Finance verte en pleine ascension

18/09/2025

Par : James Régent

À l'orée de la seconde moitié des années 2020, le monde bancaire s'engage de plus en plus dans une mutation profonde, portée par la nécessité urgente de répondre aux défis climatiques et sociaux. Les banques écologistes, ou banques éthiques et éco-responsables, se positionnent désormais comme des acteurs incontournables d'une finance durable, à la fois conscientes de leur poids dans l'économie globale et soucieuses d'orienter l'épargne vers des projets respectueux de l'environnement. Ce mouvement dépasse le simple verdissement cosmétique ; il incarne une véritable refondation des modèles bancaires traditionnels, mêlant transparence, engagement social et économiques verts. Financial Première fait le point.

Qu'est-ce qu'une banque écologiste ?

Une banque écologiste ne finance que des projets à impact positif sur l'environnement et la société, excluant totalement les activités polluantes comme les énergies fossiles, l'élevage intensif, ou les industries controversées. Ce modèle fonctionne souvent sur un modèle participatif, les clients sont associés aux choix d'investissements, ce principe renforce ainsi la gouvernance démocratique et transparente. À la différence des banques traditionnelles, ces établissements publient régulièrement une liste exhaustive des projets financés, assurant une transparence totale. Ainsi, La Nef, pionnière dans ce domaine, se distingue comme la banque la plus transparente de France, finançant uniquement des initiatives durables.

Pouvoirs et capacités d'action des banques écologistes

Les banques écologistes possèdent des pouvoirs significatifs pour orienter l'économie vers la durabilité. Leur capacité principale réside dans la sélection rigoureuse des projets à financer, ceux qui, précisément, favorisent les énergies renouvelables, la rénovation thermique, l'agriculture durable, et les innovations pour la mobilité bas carbone. Elles s'appuient sur des critères stricts d'exclusion des industries polluantes et mettent en place des politiques internes pour réduire leur propre empreinte carbone. En outre, ces banques participent activement à la mobilisation citoyenne par des outils d'épargne solidaire. En effet, une partie des intérêts est reversée à des associations environnementales ou sociales. Notons l'avantage précieux de la sensibilisation du public dans la fourniture des outils destinés à mesurer l'empreinte carbone de leurs clients en proposant des solutions personnalisées dans la réduction de leur impact. Face aux exigences réglementaire croissantes, la montée des attentes citoyennes et la pression des Etats renforcent la régulation, poussant même les grands banques à s'aligner progressivement sur les objectifs de neutralité carbone. Cependant, les banques à vocation écologique, souvent petites et indépendantes, avancent plus rapidement sur ces enjeux, jouant un rôle de véritables laboratoires d'innovation sociale et environnementale dans le secteur financier.

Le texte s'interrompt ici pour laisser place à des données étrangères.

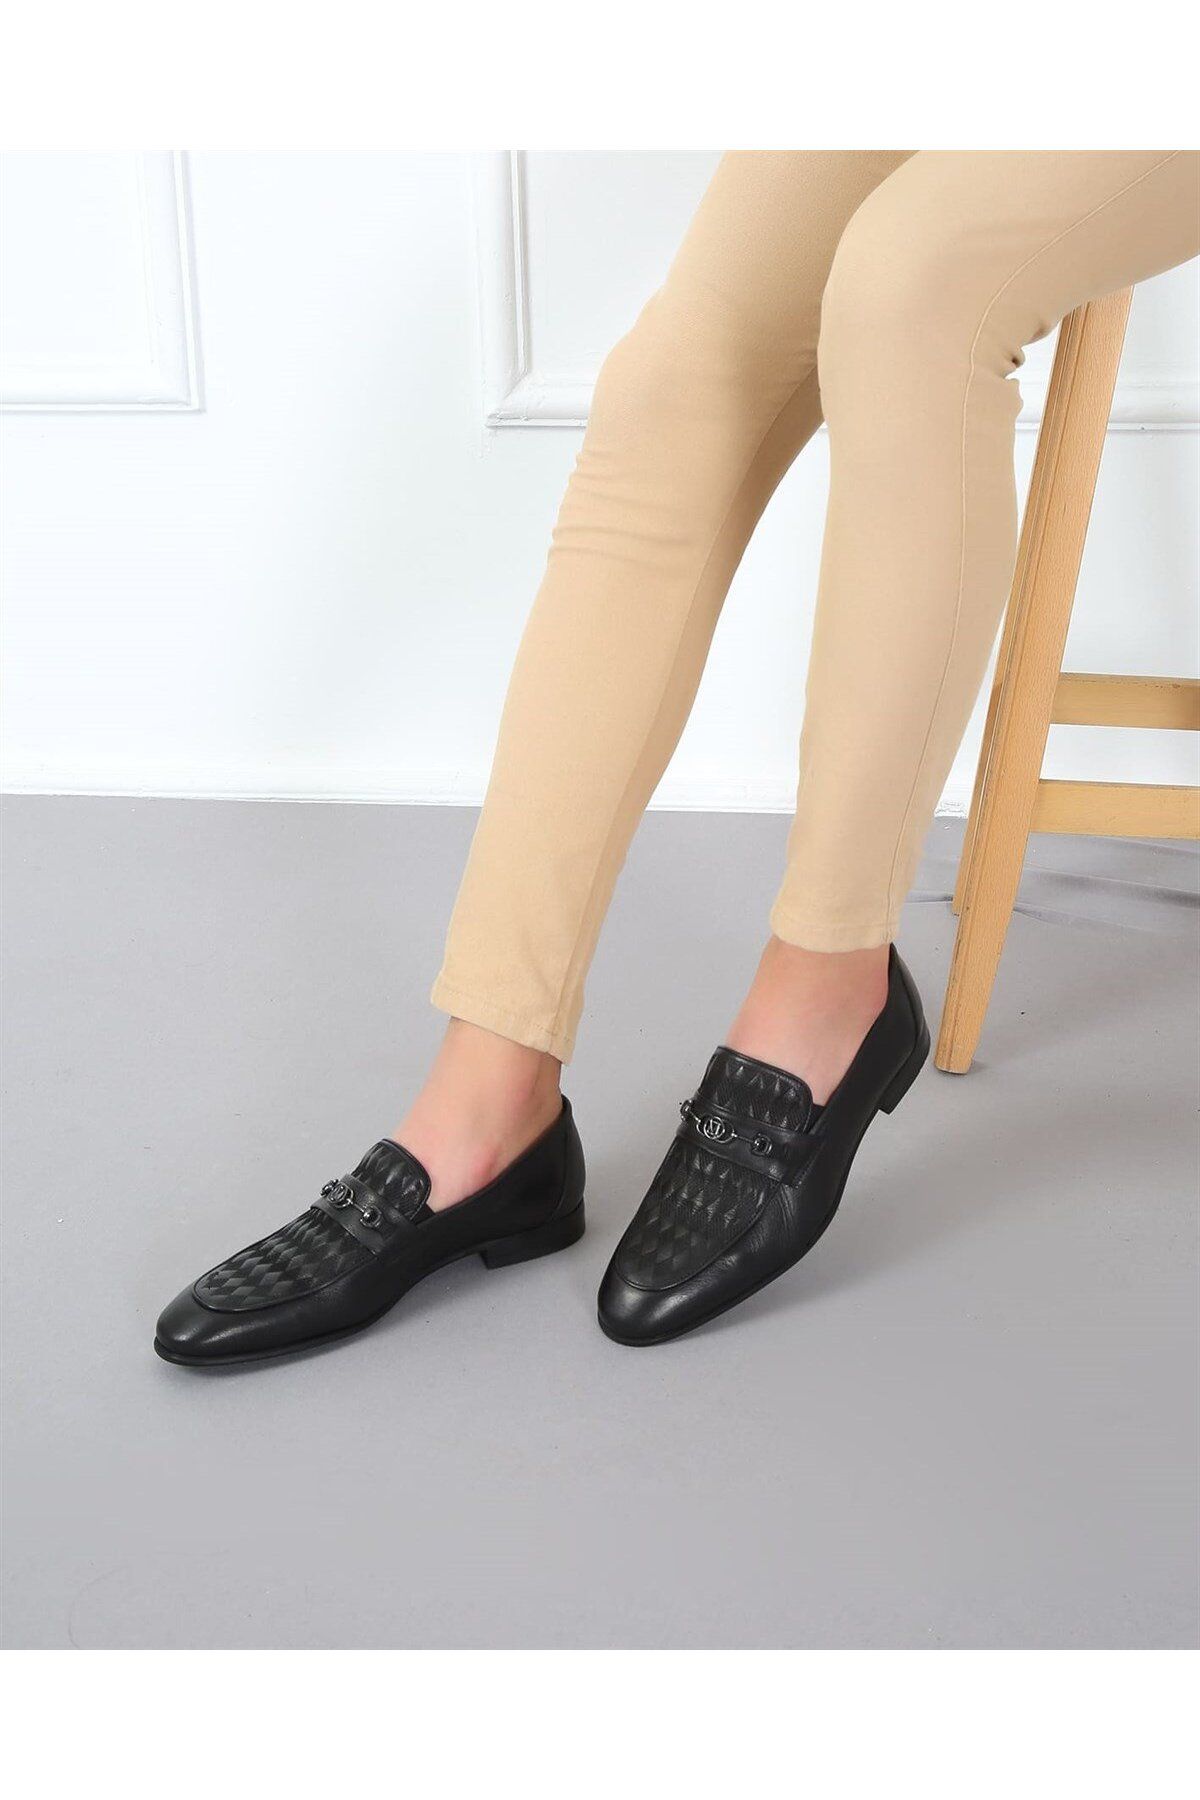 CassidoShoes Siyah Deri Lazer Baskı Kösele Enjeksiyon Taban Erkek Klasik Ayakkabı

Certaines banques intègrent aussi des composantes sociales fortes

C'est là les avantages concrets du recours à ce type de banque. Les clients savent exactement où va leur argent, et ce qu'il finance, ce qui donne un sens différent à l'épargne. Savoir que ses fonds soutiennent des projets de parcs solaires, de reforestation ou d'économie circulaire amplifie le sentiment d'implication personnelle. Les banques écologiques évitent les financements polluants, contribuant activement à la réduction des émissions de gaz à effet de serre. Sur le plan individuel, choisir une telle banque peut réduire l'empreinte carbone de ses investissements de plus de 50%. Ces organismes proposent des tarifs attractifs, des applications intuitives pour suivre ses dépenses et une absence de frais cachés, rendant la finance responsable accessible à tous, y compris aux jeunes générations et aux clients digitaux. Le modèle participatif donne la parole aux clients pour orienter les choix d'investissement, créant une relation plus engagée et responsabilisée avec son établissement bancaire. Certaines banques comme le Crédit Coopératif ou La Nef intègrent aussi des composantes sociales fortes, avec des programmes destinés à des projets de solidarité, d'insertion ou de développement local, faisant de la finance un levier de transformation plus large.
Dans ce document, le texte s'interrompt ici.